Savona, the surprise package of the Italian Riviera, conversely, looks every bit the Cinderella part, at least that’s what you feel when you pass through on the train: the skyline is dominated by ugly modern buildings, and chances are the weather will be grey and cloudy.
Note that, at this time of year, the people on the platforms are dressed differently than they would be in Nice or Sanremo, wrapped up in the type of coats and thick winter jackets that you rarely see further to the west.
In fact, we only went because we had been to all major towns along the coast and needed Savona to complete a full set, like a boy who collects toy car models and has them all with the exception of, say, the Bugatti 407: he has no specific interest in this model and would, probably, under any other circumstances not want to own it, but since he already has all the other cars from the series, he feels compelled to make an effort.
So it would be fair to say that our expectations of what we would find in Savona were somewhat modest. But hey, whaddoyaknow: life is full of surprises!
Why is Savona the surprise package of the Italian Riviera
It would be equally fair to point out, before we get carried away too much, that the area just out of the train station serves to confirm the worst fears one may harbour about the place – this is where all the buildings are concentrated that constitute Savona’s ugly skyline.

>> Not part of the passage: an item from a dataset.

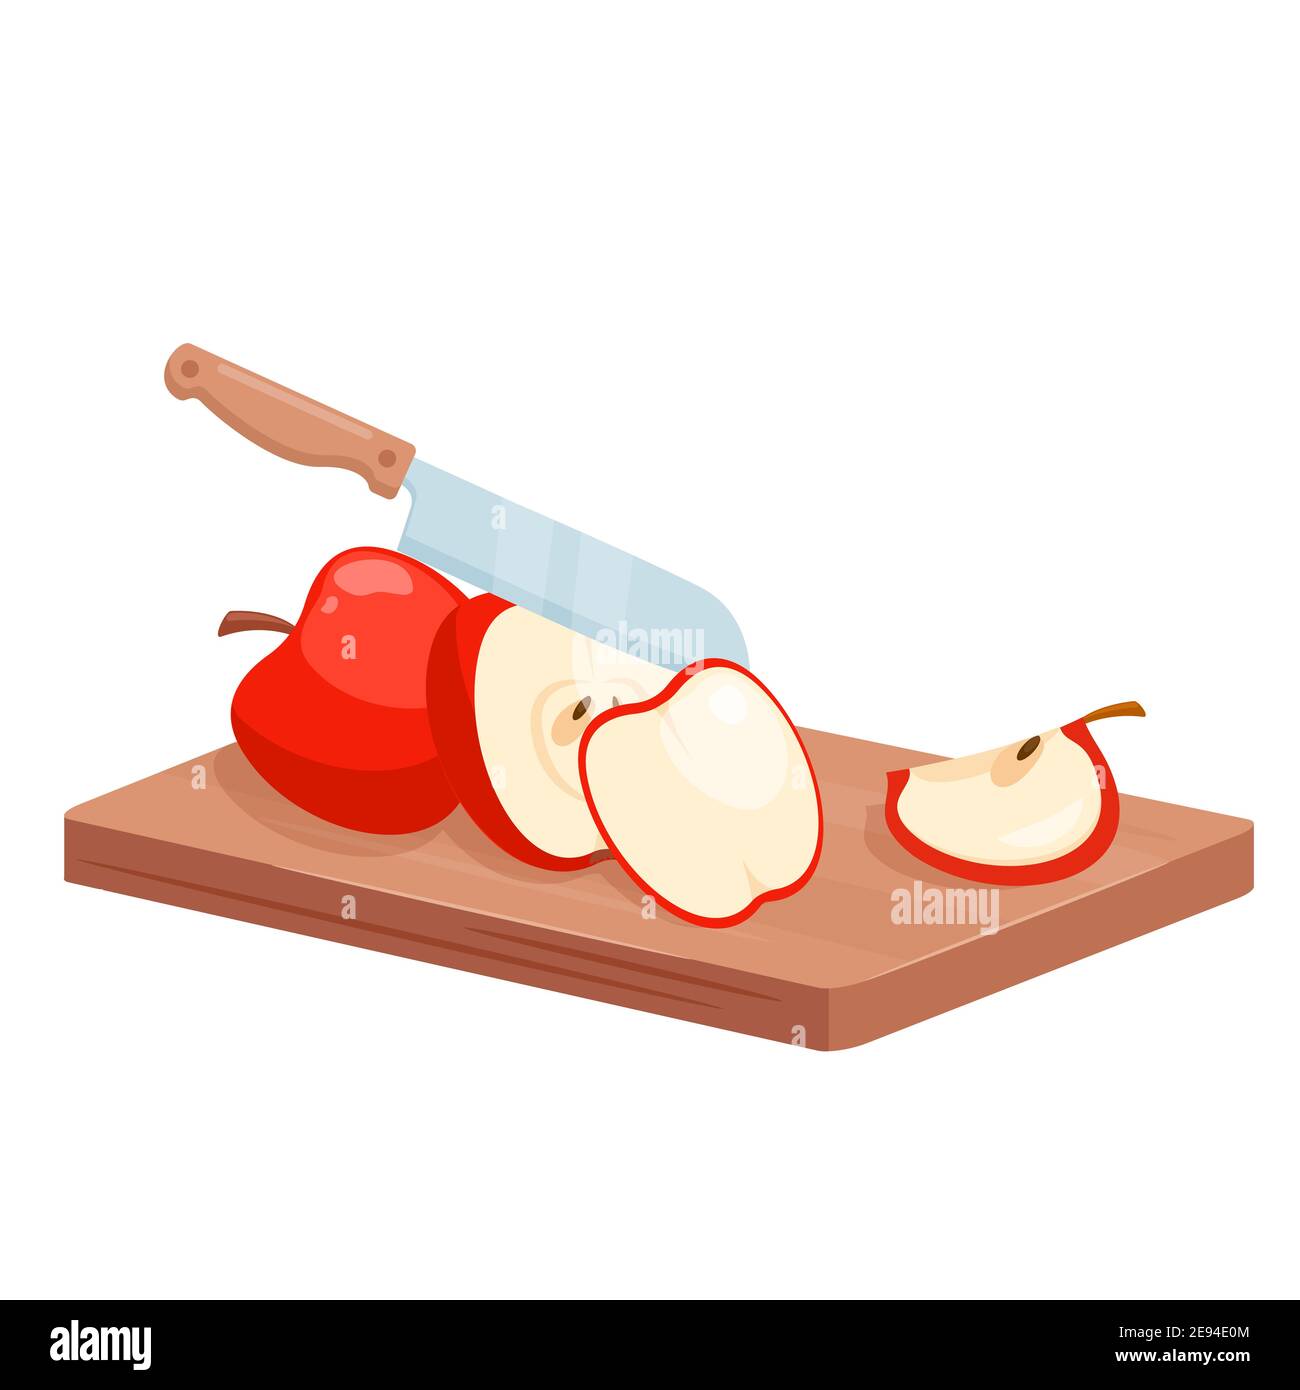 Cut apple into pieces, isometric cutting wooden board with fresh apple slices in kitchen Stock Vector

But once you have crossed the modern Piazza del Popolo, things are looking up, and the streets are lined by an interesting mix of various 20th century architectural styles, from the Grand Bourgeois Manner …

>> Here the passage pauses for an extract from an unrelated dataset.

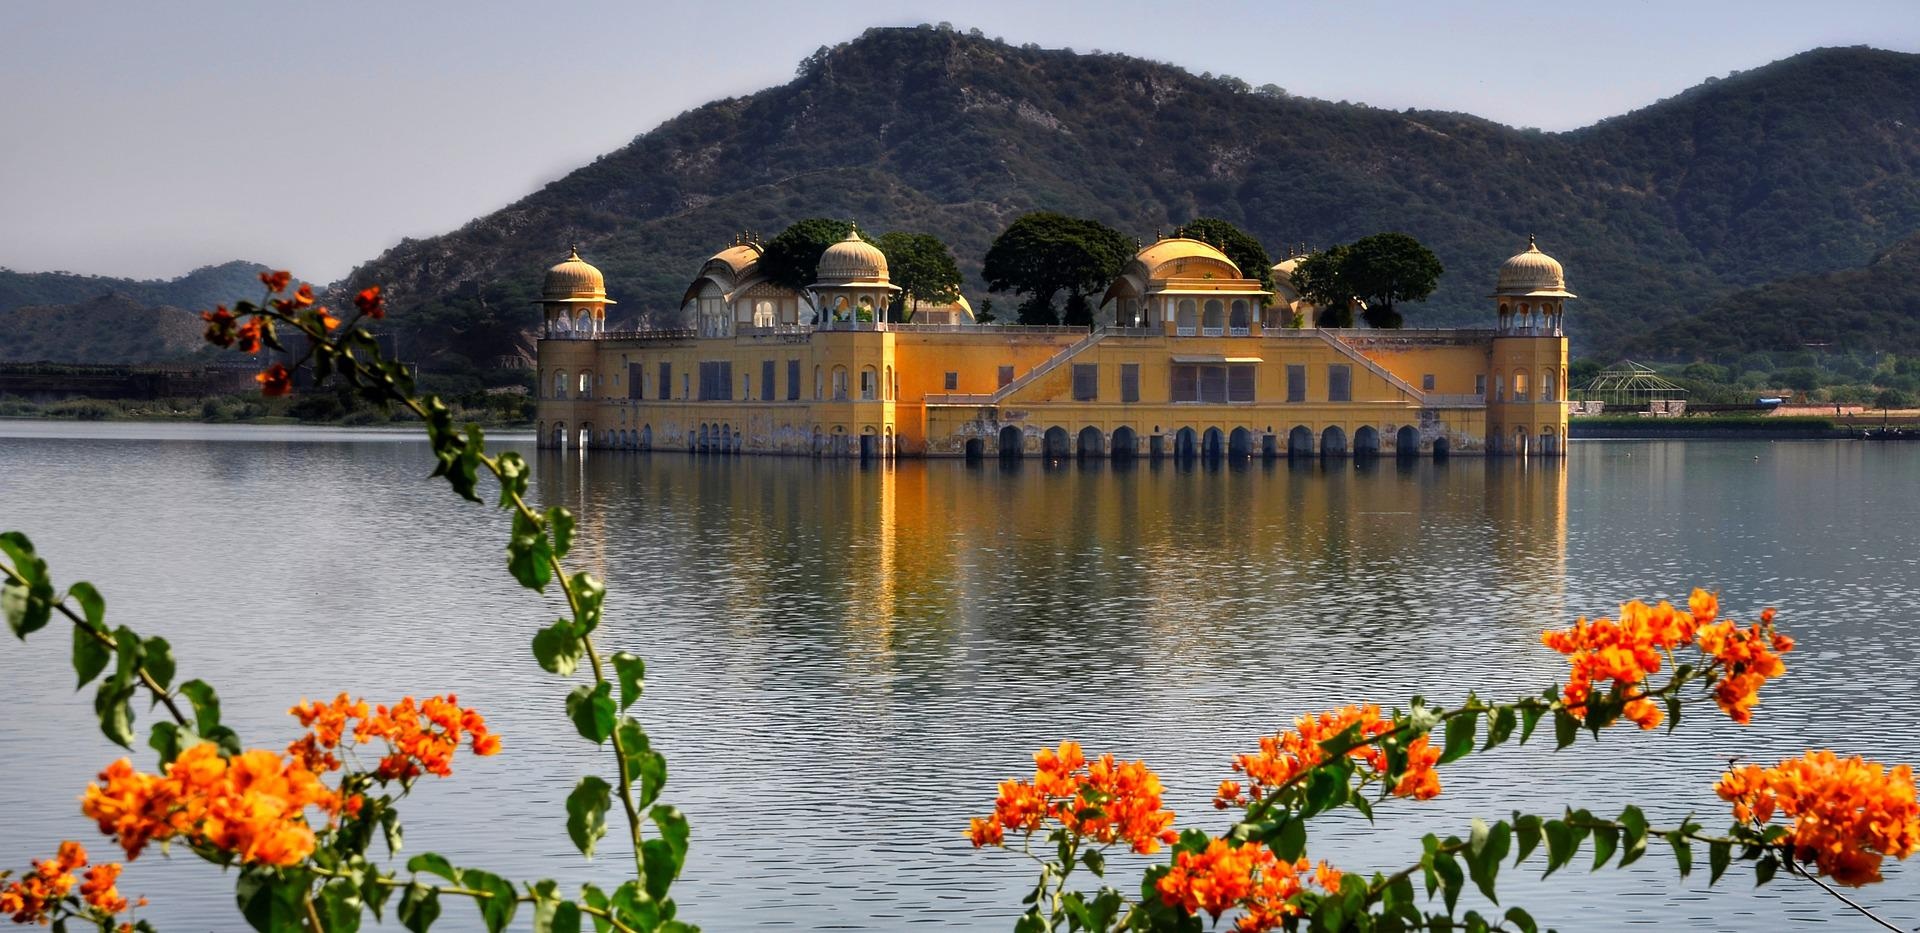 tourhub | Discover Activities | Agra and Jaipur 3 Days Discovery from Delhi

… to the Grand Political Gesture of the Mussolini era.
Savona really gets going the further east you go, towards the marina, and there is a great deal to discover on Via Paleocapa Pietro …
… as well as in the adjacent side streets.
From afar (from the train), it may not be obvious that Savona has an Old Town at all, so it comes as a surprise to find out how big this quarter actually is. In style and flavour, Savona’s historic town centre is – as it is geographically – closer to Genoa than to Sanremo, and densely atmospheric (occasionally even a bit gloomy) rather than lighthearted and cheerful.
You may, if you had previously judged Savona based on fleeting glimpses from the train (guilty as charged, your honour), be surprised to find out that it is by no means a modern town that was built exclusively to serve more ancient and prettier neighbours.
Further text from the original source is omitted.